▶ TASK STATEMENT
Take the records below and set down exactly the lines from the one with "VJDPGC-Vidya Jyothi Degree and PG College" to the one with "3 in 1 - BO1", ends included; do not copy the pictures.

BEGIN RECORD EXCERPTS

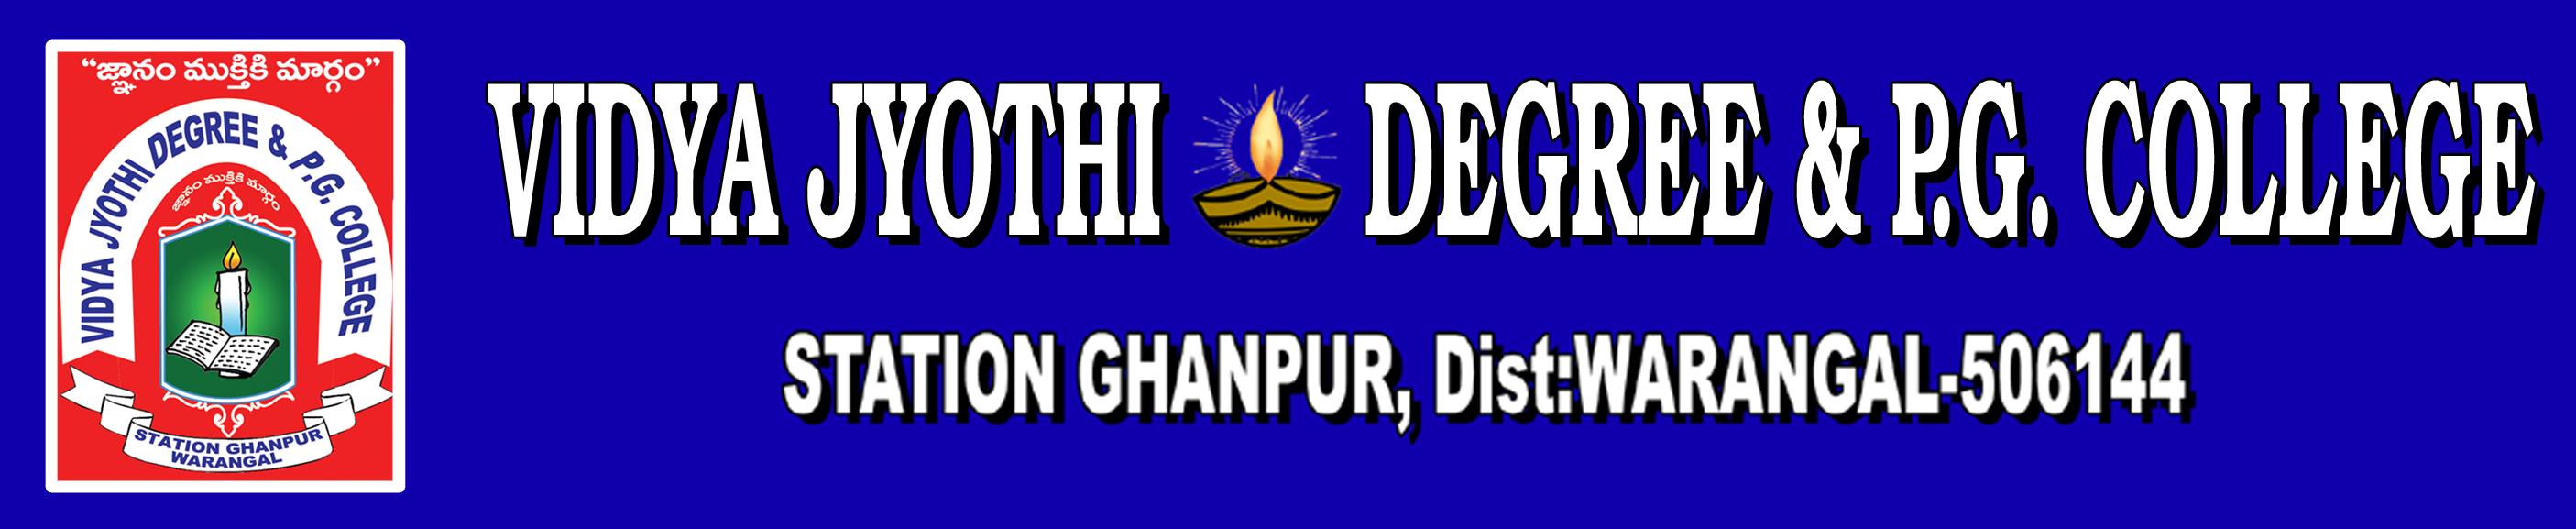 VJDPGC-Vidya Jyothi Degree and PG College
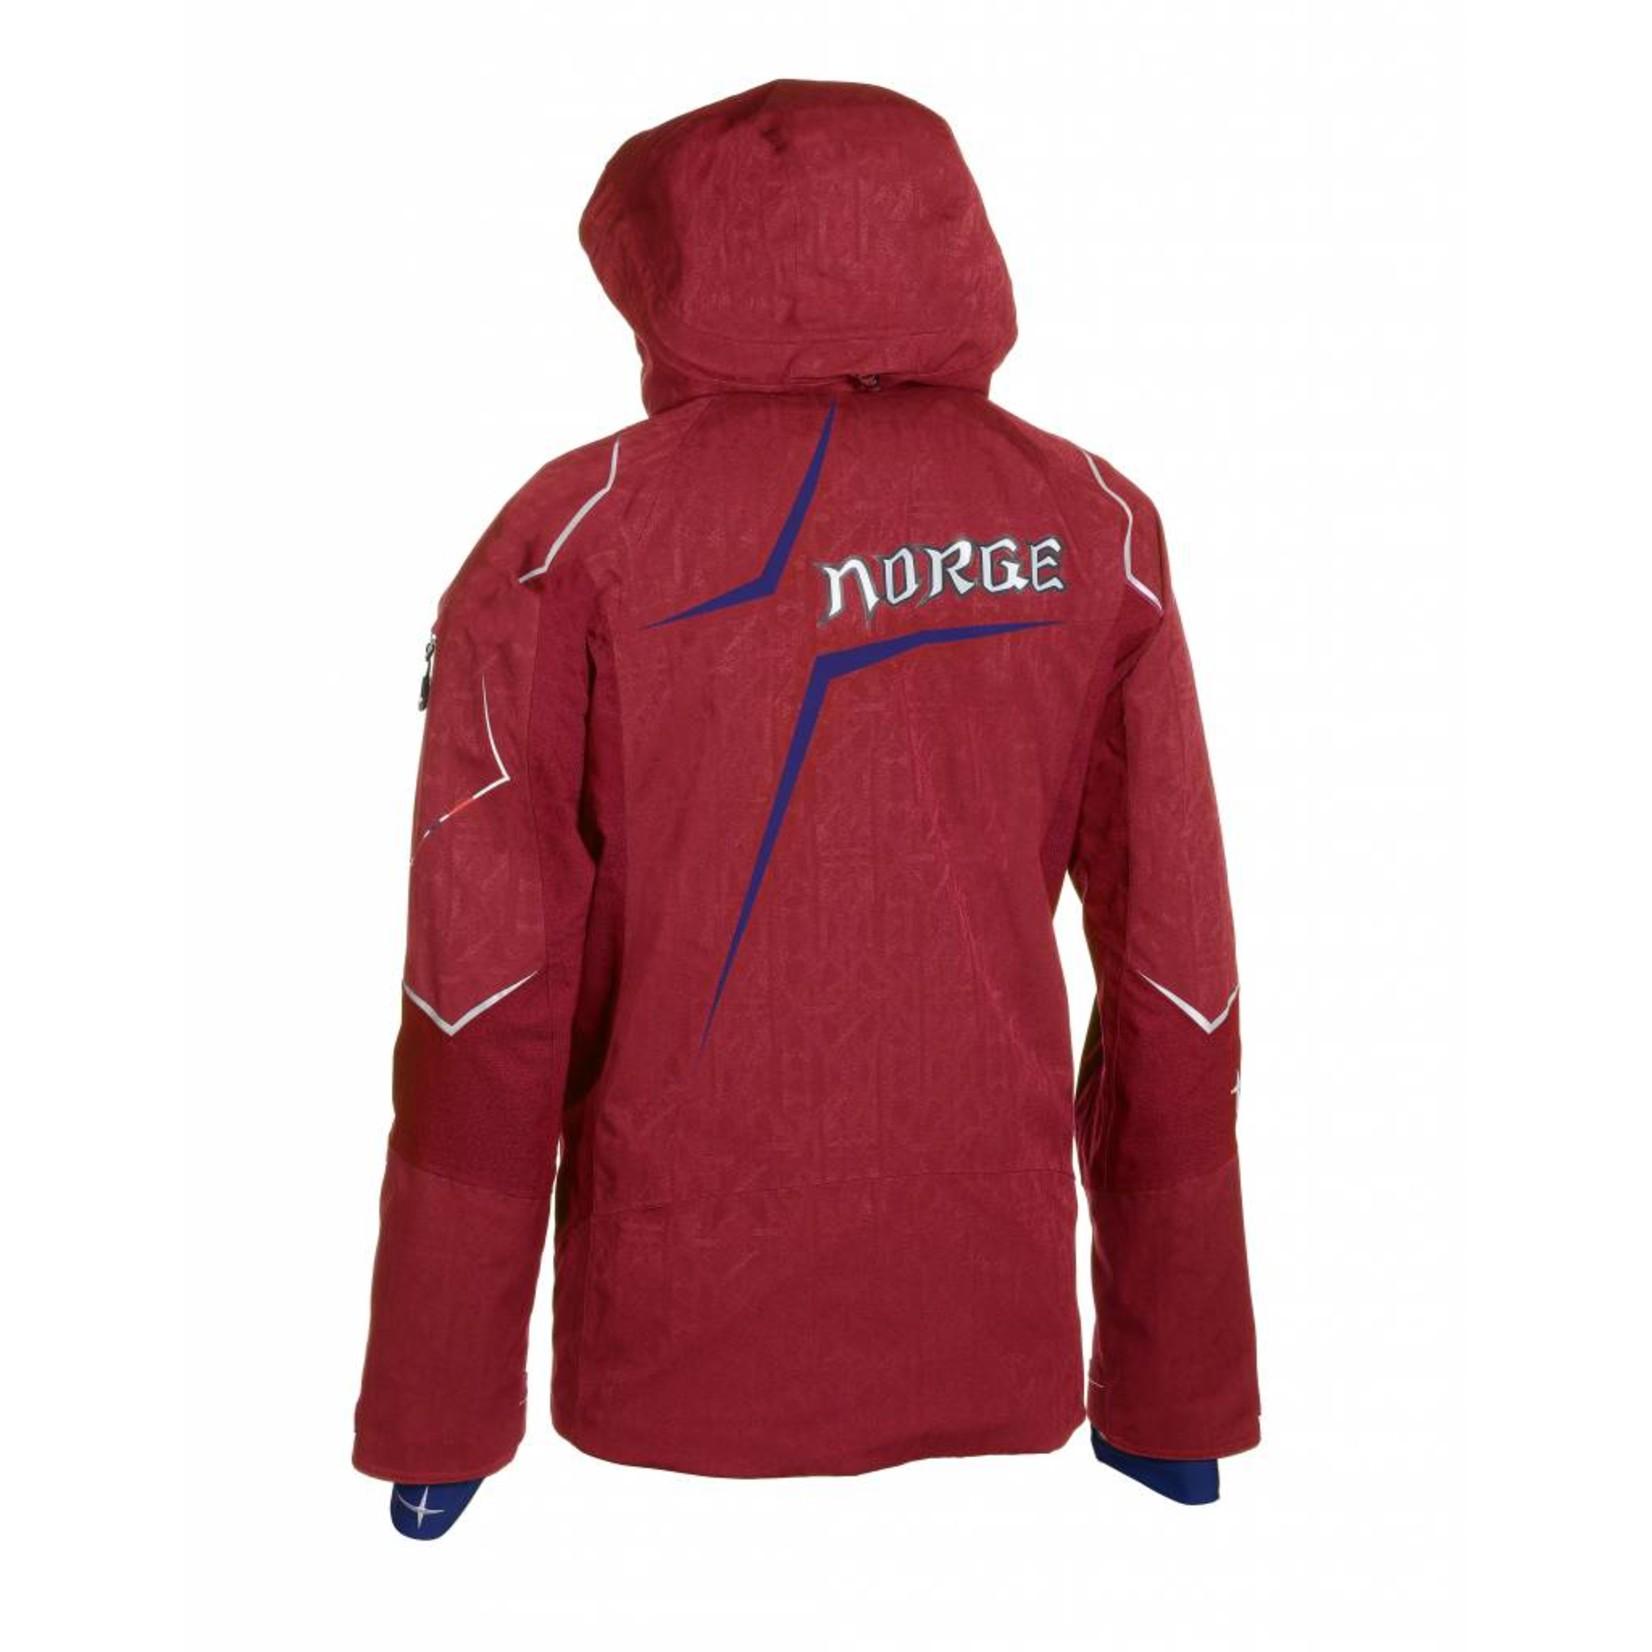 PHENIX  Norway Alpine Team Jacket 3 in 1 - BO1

END RECORD EXCERPTS
BEGIN RECORD EXCERPTS

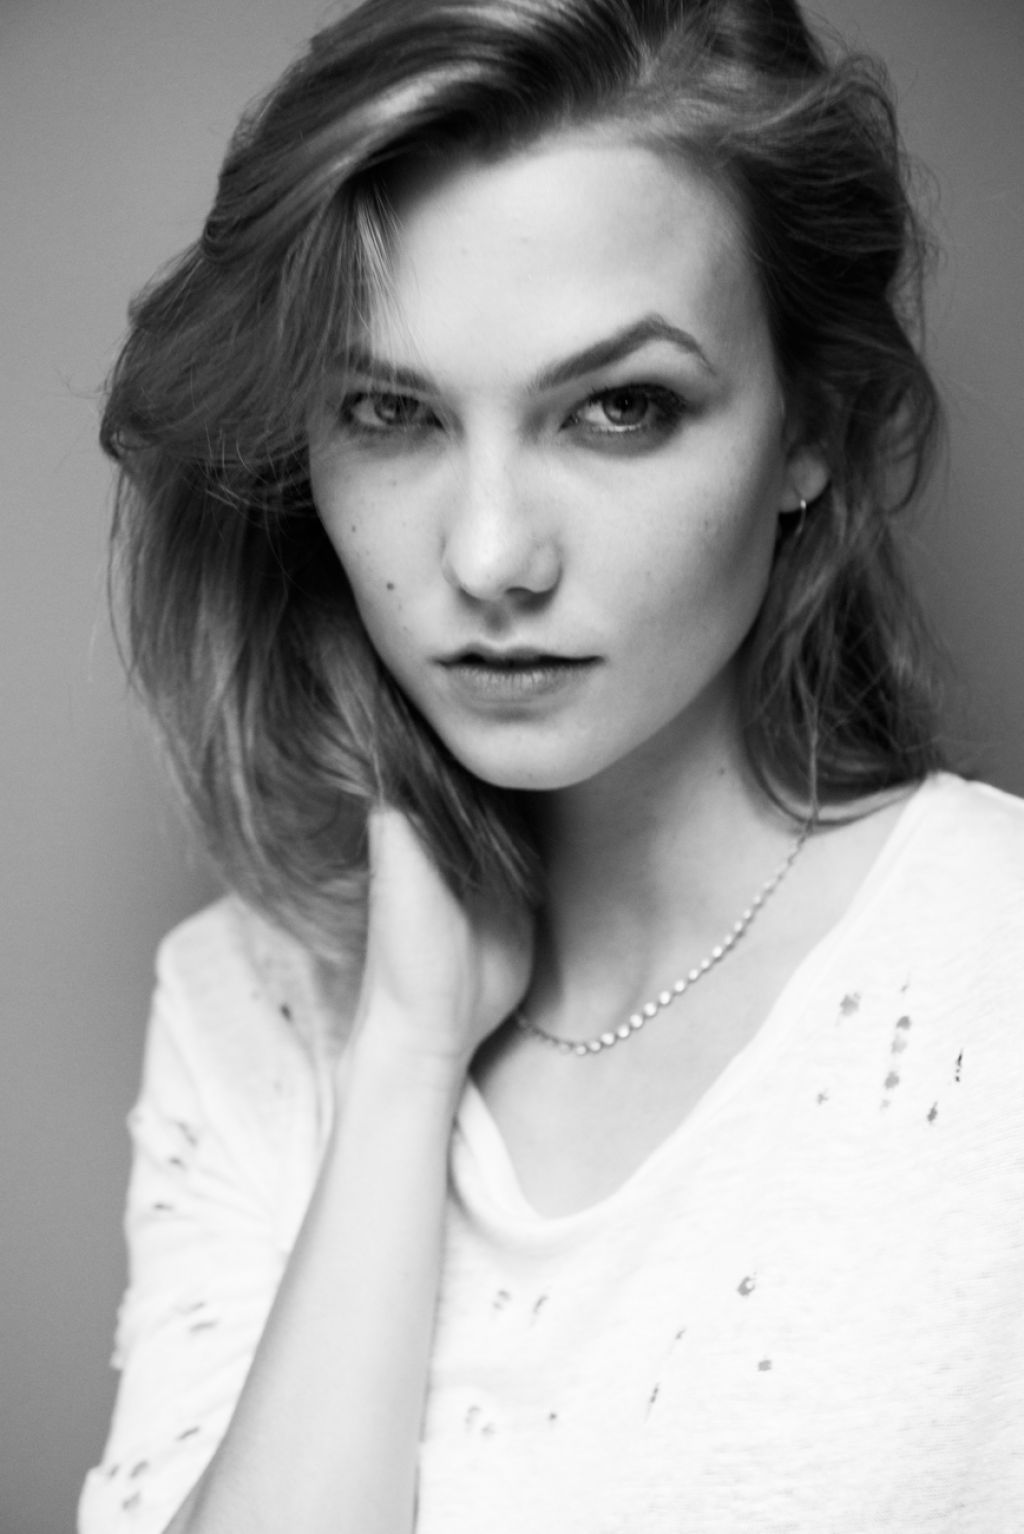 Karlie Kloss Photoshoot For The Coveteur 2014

END RECORD EXCERPTS
BEGIN RECORD EXCERPTS

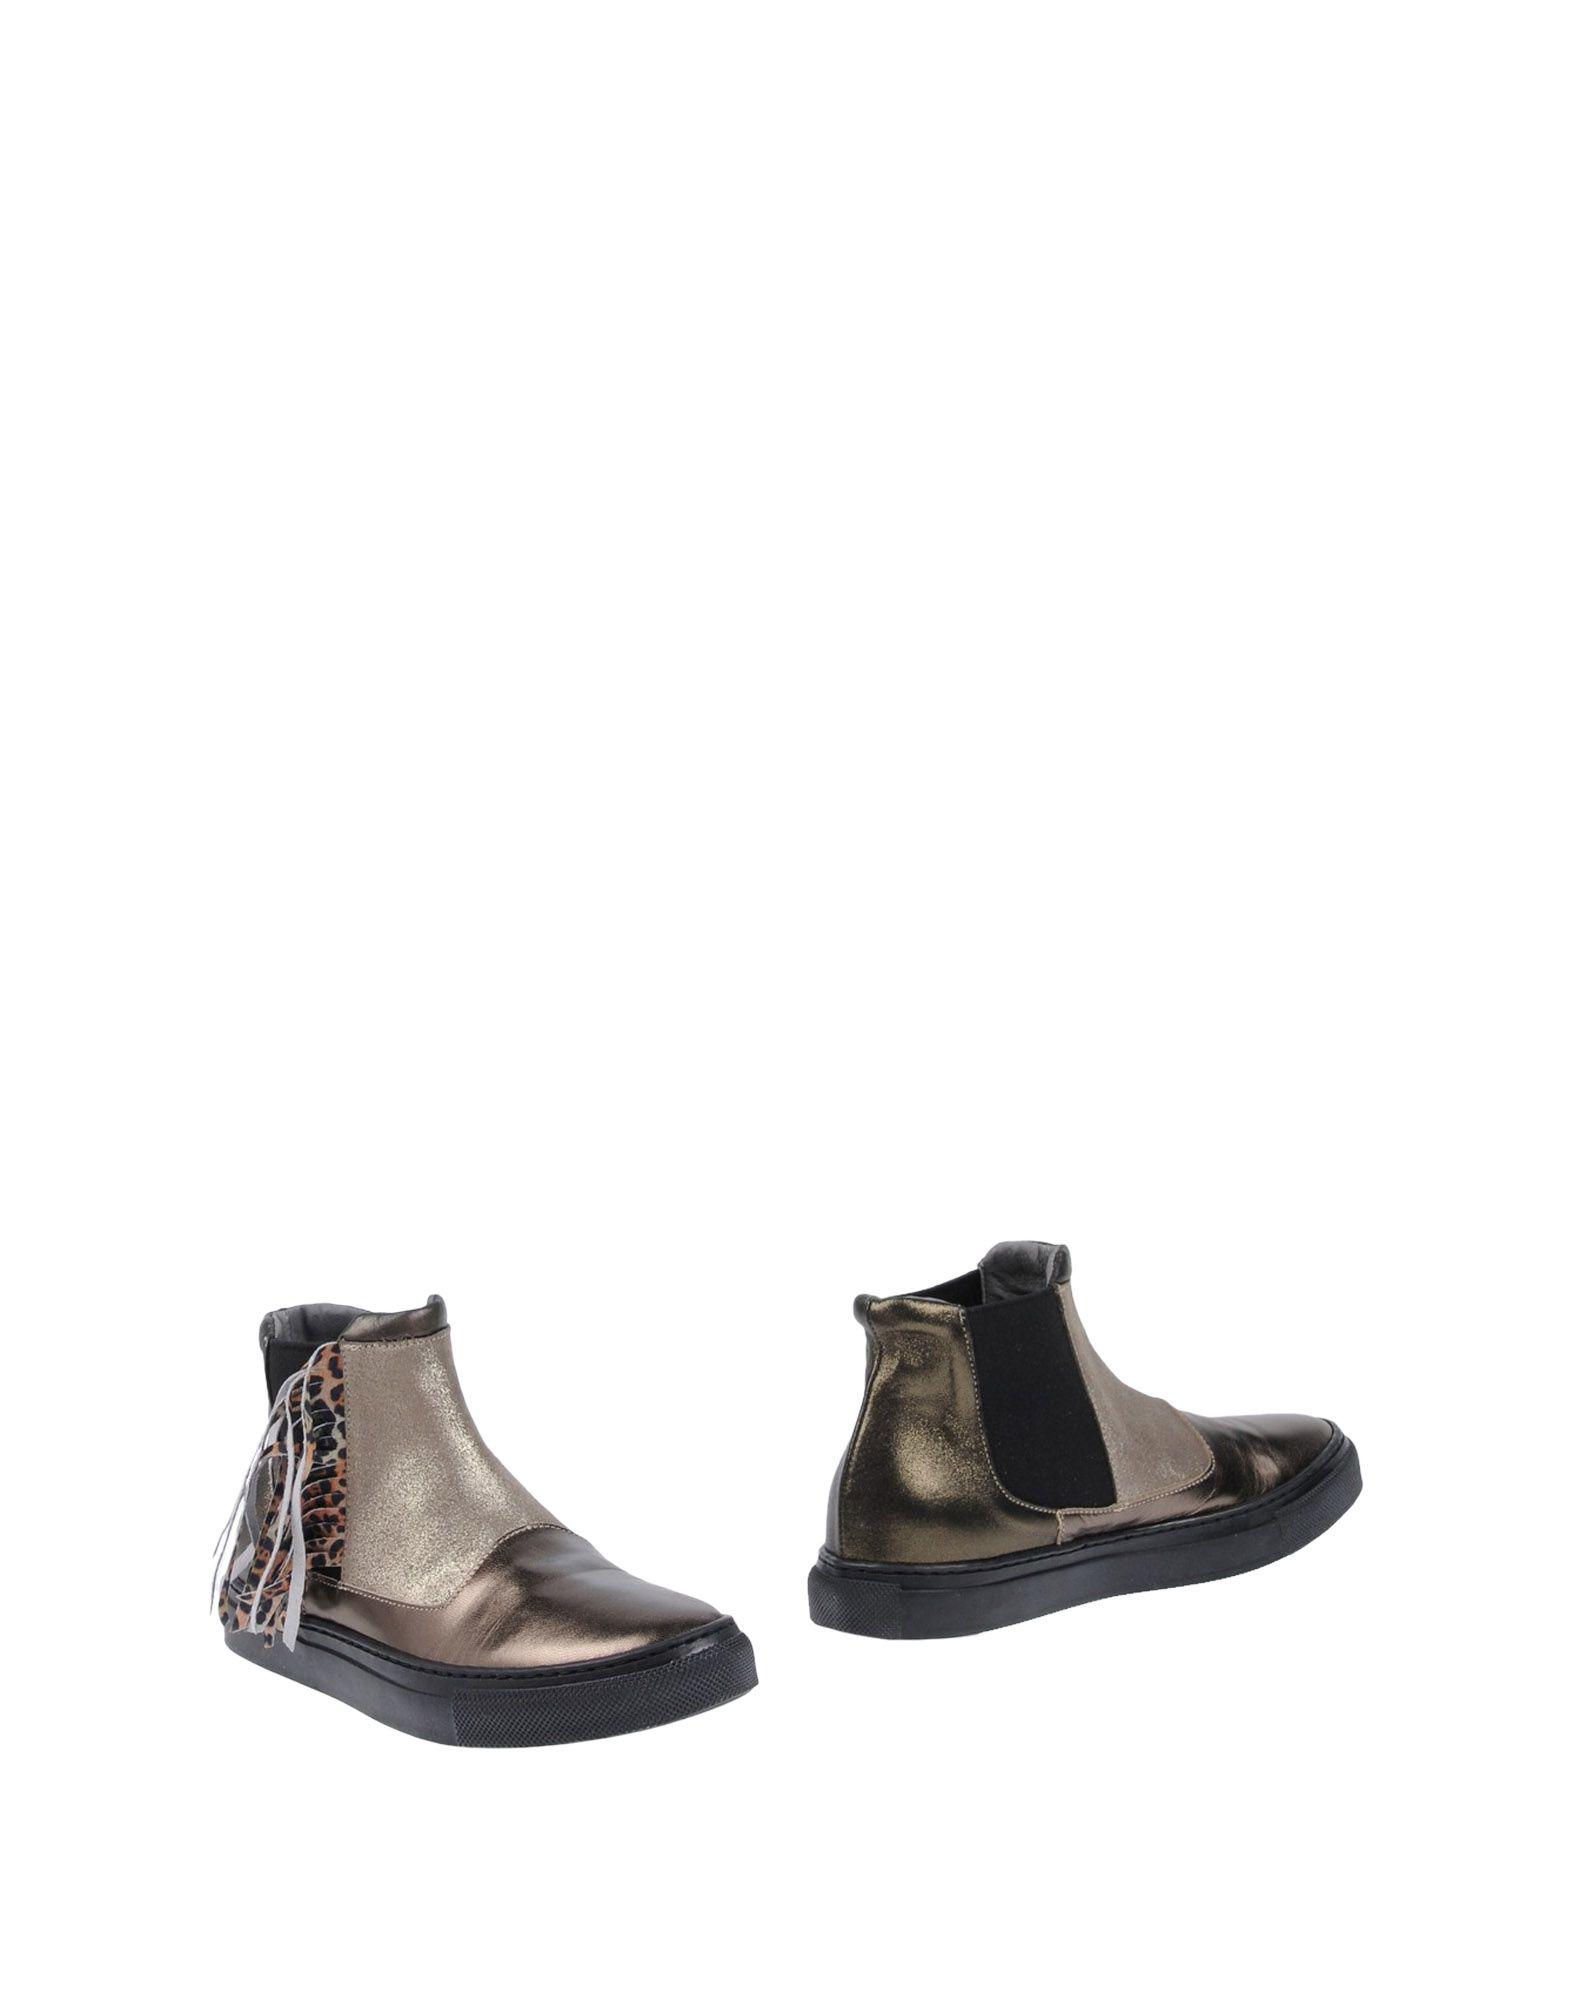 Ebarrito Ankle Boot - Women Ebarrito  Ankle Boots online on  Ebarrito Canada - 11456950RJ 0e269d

END RECORD EXCERPTS

▶ WRITTEN RESPONSE
 VJDPGC-Vidya Jyothi Degree and PG College
 PHENIX  Norway Alpine Team Jacket 3 in 1 - BO1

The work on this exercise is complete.